Eagle-eyed observers were quick to point out that, according to a Financial Industry Regulatory Authority BrokerCheck report, DCG and Silbert do in fact “direct the management or policies” of Genesis.

FINRA’s BrokerCheck reports are designed to provide information on individual brokers including employment history, professional qualifications and disciplinary actions, among other areas. They also include information on a firm’s profile, history, and operations, which is required to be up-to-date to within a 30-day period.

According to the FINRA report, DCG is both a direct and indirect owner of Genesis, while Silbert is an indirect owner capable of directing the management or policies of the firm.

Some are prepared to give Silbert the benefit of the doubt. Jeff Yew, founder of digital asset manager Monochrome believe DCG’s “pioneering role” meant both the holding company and Silbert were “doing the right thing.”

“It is still difficult to tell from an outsider’s perspective, but I am sure Barry and his team are seasoned enough to understand the consequences of falsely representing his business,” Yew said.

A second source hailing from a legal background told Blockworks Silbert was acting under a corporate veil doctrine.

“For example, if Barry decided it was best not to repay loans DCG made to a third party, and he made that decision acting in furtherance of the company’s objectives in good faith, then he is protected by the corporate veil,” they said.

But, the source noted, Silbert could be held responsible is if he used the corporate veil as a shield to commit fraud or avoid debts. “Seems like that might have happened here,” the source added.

A spokesperson for DCG did not immediately return a request for comment. 

Genesis had, for some time, handled the backend business for Gemini’s Earn program, offering customers up to 8% interest under their partnership, right up until the most recent crypto rout two months ago.

Following the fallout of FTX, a rush of users pulling money out of Genesis brought its lending division to its knees, forcing it to suspend withdrawals in November. Over 340,000 users of Gemini’s crypto lending program “Earn” have been kept out of their own funds ever since.

That’s put Silbert at the nexus of criticism from industry voices like podcaster Peter McCormack.

“340,000 Earn customers MUST take priority over 1 CEO. These are your mistakes @BarrySilbert, own them and do the right thing,” McCormack tweeted Tuesday.

Winklevoss also claims Genesis lent close to $2.4 billion to 3AC, which filed for bankruptcy in mid-2022.

Key to Silbert’s responsibility lies in the answer to the perennial question, ‘what did he know and when did he know it?’ 

“He’s not telling the whole truth and what actually went down,” a limited partner of a Hong Kong venture capital firm told Blockworks, adding, “what about the loans that were lent out to other funds 3AC, Alameda Research and others on the GBTC collateral they used?”

When the fund was trading at a premium then that trade worked out, but when it started to fall into a discount at net asset value then that’s when things turned sour, they said. “He’s still somewhat, artfully evading the question.”

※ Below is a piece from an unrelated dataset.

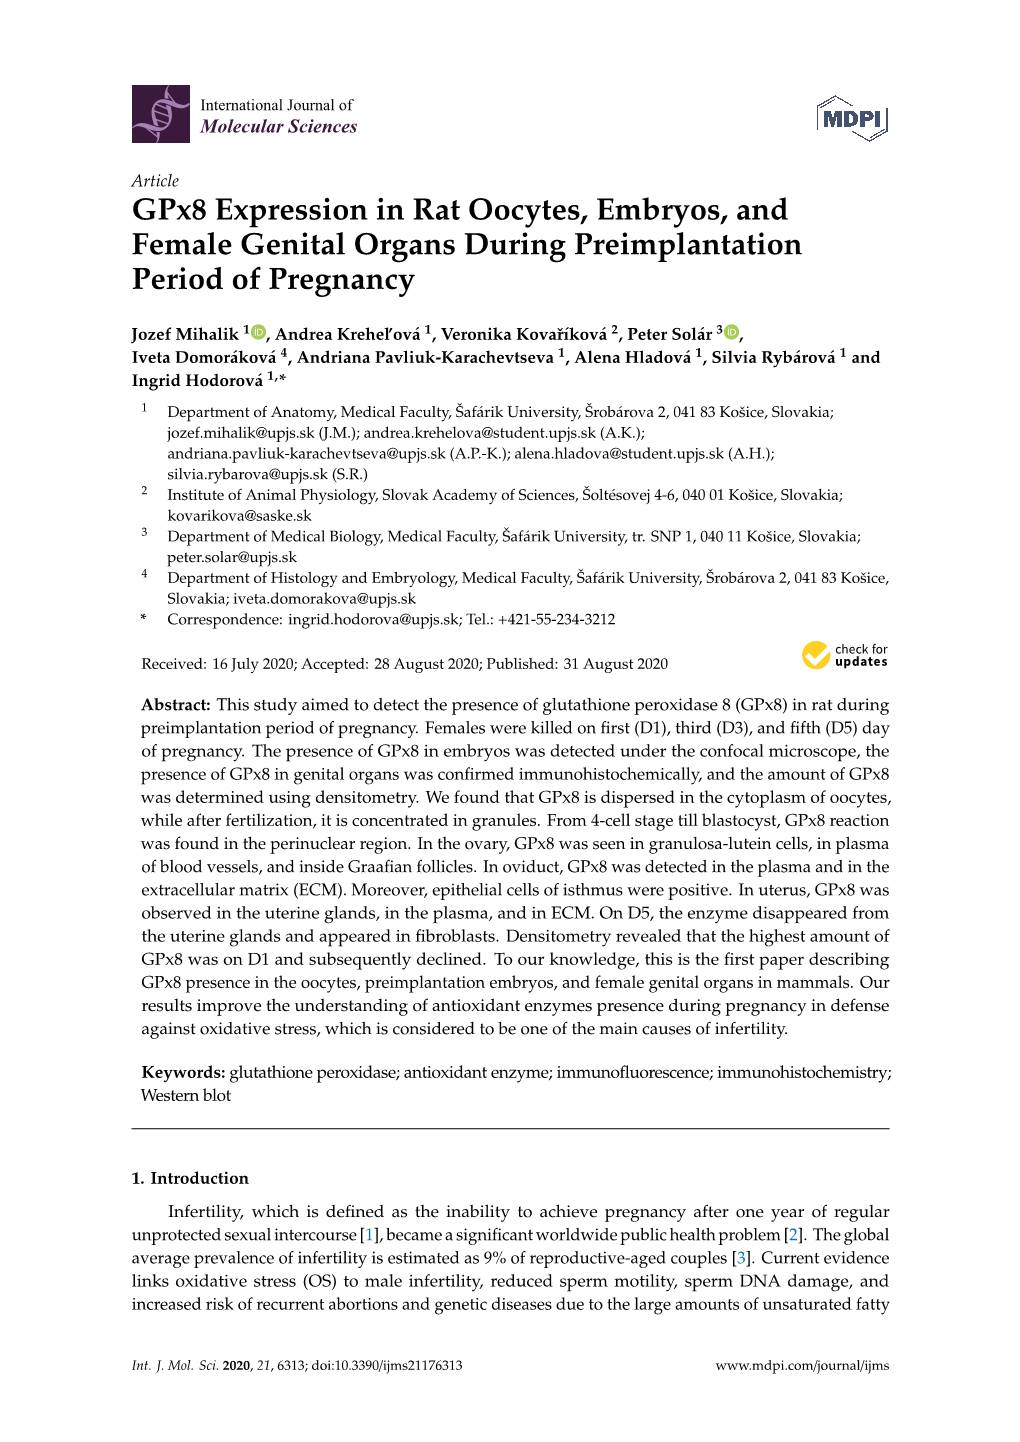 Gpx8 Expression in Rat Oocytes, Embryos, and Female Genital Organs During Preimplantation Period of Pregnancy
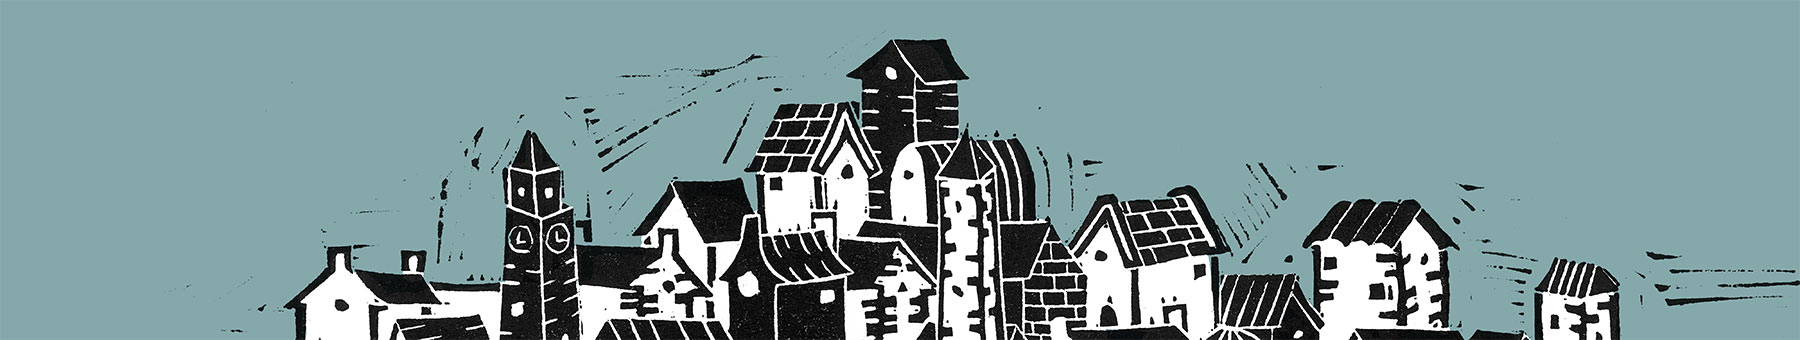 linocut of houses on a hill

GBTC leans on lending desks to allow them to borrow against the GBTC collateral. Genesis’ lending division is a sister company to Grayscale, which is one of the only lenders incentivized to treat the GBTC “at good value,” according to a fourth source belonging to a crypto venture capital firm Blockworks spoke with.

Finally, Silbert’s letter dismissed earlier reports his company was being investigated by the Department of Justice and the Securities and Exchange Commission. That flew in the face of earlier reports DCG was being probed.

According to a Bloomberg report last week, citing sources familiar with the matter, the regulatory agencies are investigating the internal financial dealings of DCG’s subsidiaries. Silbert maintains that neither he nor any member of DCG is aware of the Eastern District of New York investigation.

The SEC and DoJ did not immediately return requests for comment.